One bag goes three feet at the top. Use the bones from the skull bag to make the 'legs'.

Most importantly, I LIVE at walmart.

"very cool. Maybe next year you could "corpsify" the bones/skulls and make it look extremely creepy like the cave wall in the Jeepers Creepers first movie. Looks great though! "

By 'corpsify' the bones, do you mean hit them with a crappy layer of spray paint? Consider it done.

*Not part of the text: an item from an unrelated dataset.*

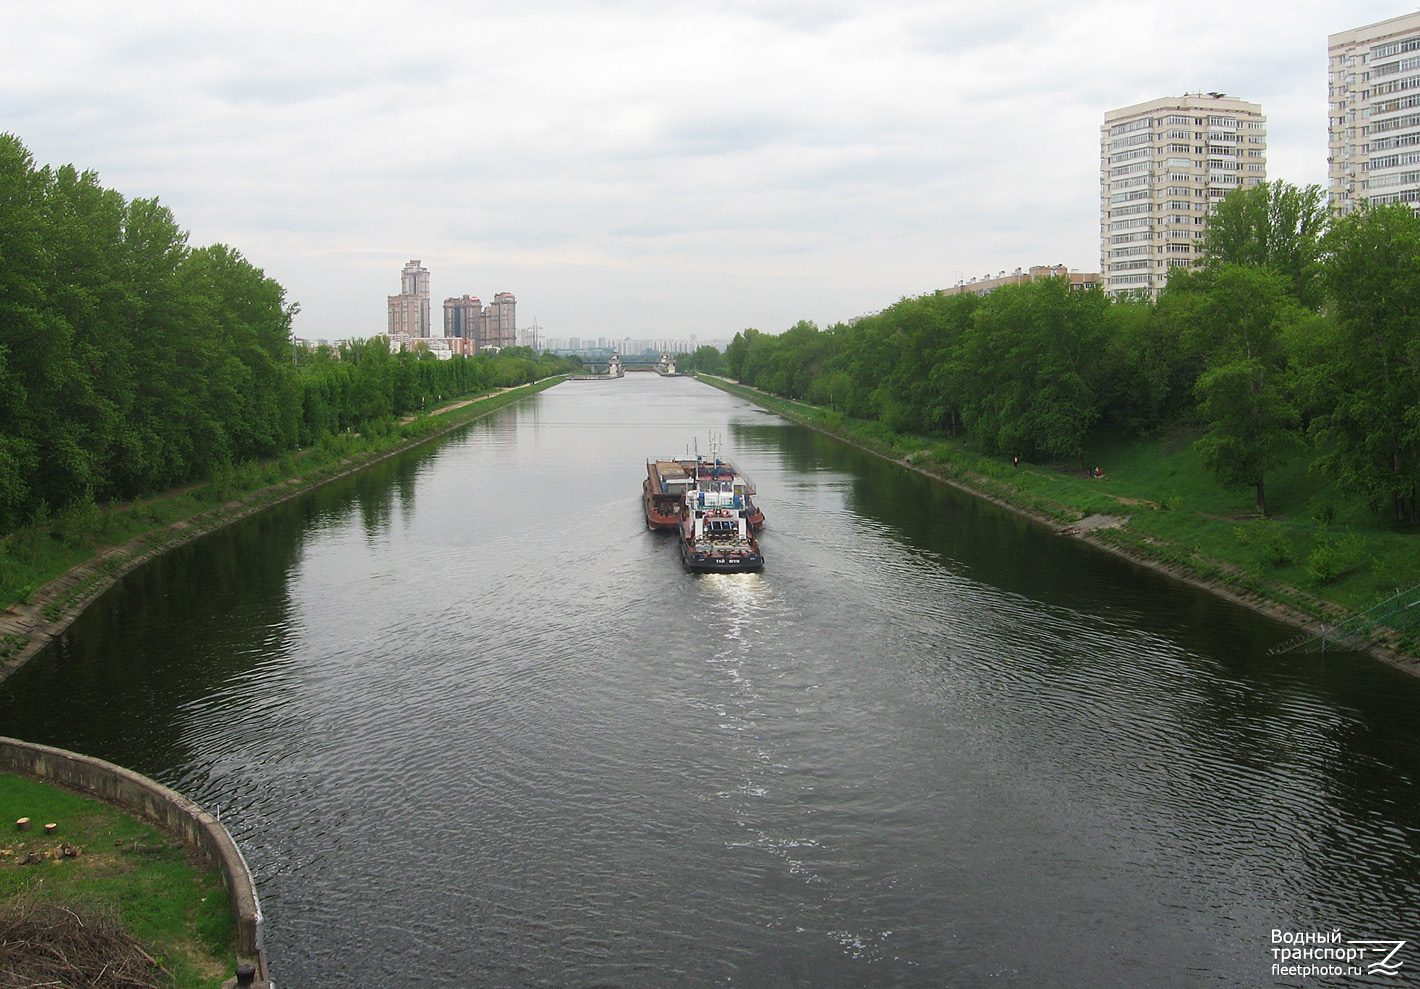 3220, Тайфун. Moscow Canal

Million things to do, gotta get busy. Stop reading this and get to work!!!!!!!


----------



## Front Yard Fright (Dec 23, 2005)

i really like this idea... might pick up a few bags and see what i can do with them, i'm thinking about making some walls with the bones and skulls sticking out of them, then i could just use great stuff to full in the other places...
hmm, what do you think?


----------



## Dr Morbius (Sep 21, 2004)

VERY Kickass!


----------



## writer93 (Aug 29, 2006)

Looks Awesome man! Never thought of that but great idea man! Might try to do something like this myself!


----------



## Moon Dog (Oct 3, 2006)

Looks great... wonder if you could use glow-in-the-dark paint and hit it with a black lite at night...


----------



## mrklaw (Nov 11, 2005)

great idea. It doesn't look the same as all of the other fences out there.


----------



## kidzero2525 (Oct 6, 2006)

Wow thanks for the tip! I raced down to walmart and bought all they had. $2 for two skulls and some bones. I'm cutting and taping them tonight; should have zombie heads by dawn.


----------



## IshWitch (May 31, 2006)

Moon Dog said:


> Looks great... wonder if you could use glow-in-the-dark paint and hit it with a black lite at night...


Exactly what I was thinking!


----------



## Moon Dog (Oct 3, 2006)

IshWitch said:


> Exactly what I was thinking!


 Great minds think alike!


----------